Mentors Unlocked is starting a small series on different modules of ERPs. The objective of this series is to provide an understanding of the module. We shall start with overview of each of the module.

Most enterprise level ERPs, allow ERPs to be configured for the enterprise with multiple companies under it. This would apply to all modules including Finance and Accounts module. Hence ERPs can be used to maintain books of records of an enterprise or a company depending on the need.

The finance and accounts module is central to an ERP System as all activities in an organization have financial implications. Unlike, accounting software like Tally, QuickBooks etc. Finance and Accounts module consists of three sub-modules. These are

  1. General Ledger – Contains all Finance and Accounts transactions.
  2. Accounts Receivable – Used to record all transactions related to customers and debtors
  3. Accounts Payable – Used to record all transactions related to Vendors and creditors

The General ledger contains records of all the financial transactions. Transactions, from other modules also flow into General Ledger. For example, if material is issued for production in the inventory module, the financial transaction will flow in General Ledger whether it is written manually or automatically.  Similarly, transactions from the two sub-modules in Finance and Accounts, Accounts receivables and Accounts payable flow into General Ledger.

Accounts Receivable –  All transactions related to sales are recorded in this module. Irrespective of the nature of sale, for example, if the company is selling old equipment to its employees, then even the employees would have to be registered as customers. The module can be used to generate invoices, record sales and incomes ( accrued but not receivable), receipts and create receivable balances.

Accounts Payables –  As the name suggests, this module is used to record all payment liabilities irrespective of nature of payments and payments. For examples, salary payments, advances to employees, employee reimbursements or payments to vendors are recorded in this module. For the same reason, besides vendors of goods and services, consultants and sub-contractors, all employees and creditors are setup as vendors in this module.

All companies have to follow accounting standards applicable in the country/ they operate in. Besides this, one of the main functions of Finance and Accounts department is that it should be able to provide us with reports or information without going back to vouchers. ERPs provide us multiple Accounting Segments that includes Charts of Accounts. Most ERPs would allow for a numerical chart of accounts that are scalable and expandable. If used creatively, the charts of accounts can also be used to record transactions that may affect costing, such as opportunity costs, but are not recognised as financial transactions as per accounting standards. The other accounting segments would come from reporting requirements and may include

  • Business divisions
  • Geographic segments or locations
  • Item codes
  • Special codes to track specific initiatives or costs

Each company designs and structures accounting segments and chart of accounts based on its requirements. The accounting segments can be used selectively in multiple combinations.

There are multiple levels and categorizations of records possible in ERP which can provide reports and segregation and aggregation at each level on company / division / sub-division / cost-centre / profit-centers / departments. This provides better visibility and control as well as automates most of the compliance and audit requirements.

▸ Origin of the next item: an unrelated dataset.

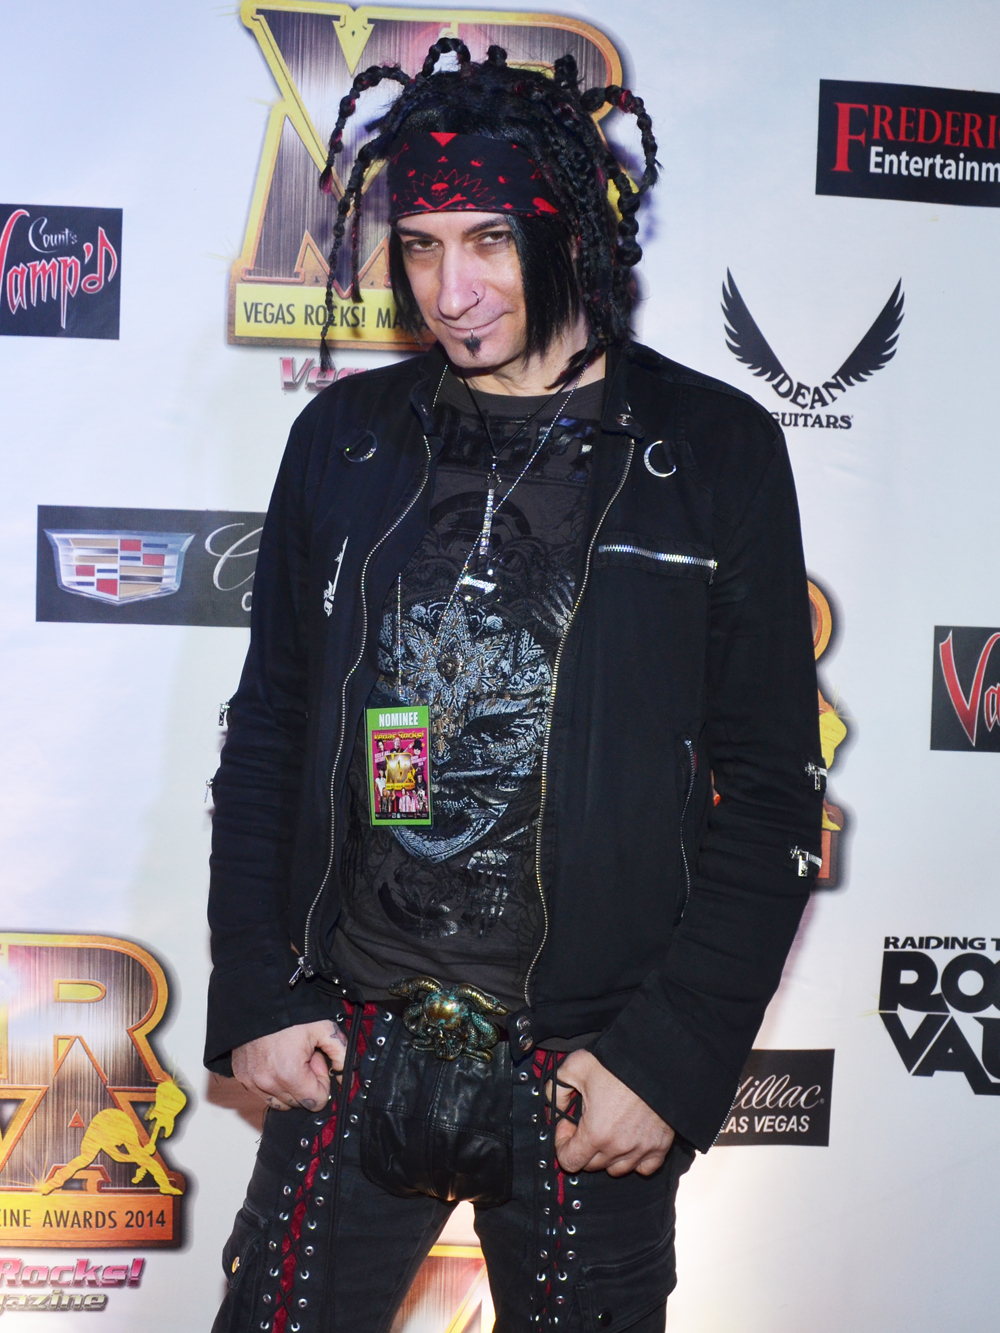 Mick James - Vegas Rocks Magazine Music Awards 2014 photo credit Stephen Thorburn 63683

ERPs also allow us to digitize processes in accounting. For example, 3-way checking before generating a payment proposal/ liability can be conducted electronically. Some companies also like to add on manual processes to improve internal controls and prevent frauds or reduce risks. For example, 3 way checking of invoices, material receipt notes and purchase order in the ERP can be complemented with hardcopies of the documents ( also referred to as 4 way checking) . ERPs also have utilities that automate some processes and generate transactions on their own. For example, apportionment of costs or recognizing foreign currency gains and losses can be automated and the system can generate transactions that can be reviewed and posted. Similarly cash book can be maintained within the system and the books of accounts can be soft closed (that is, books of accounts for prior periods are locked so that no fresh entries can be written).

The biggest advantage of ERPs are better controls and checks and balances. Roles and access rights can be defined to limit unauthorized transactions, ensure that all transactions are approved as per delegation of authority by building business rules and developing roles with defined access (read, edit/approve and view) rights.

Setting up of Finance & Accounts module requires understanding on functional level as well as ERP design. The configuration should be geared for future needs of the organization so as to ensure consistency of data or prevent need to regular redesign and reconciliations. An external agent may provide fresh eyes and can help company by sharing best practices from other companies and industries.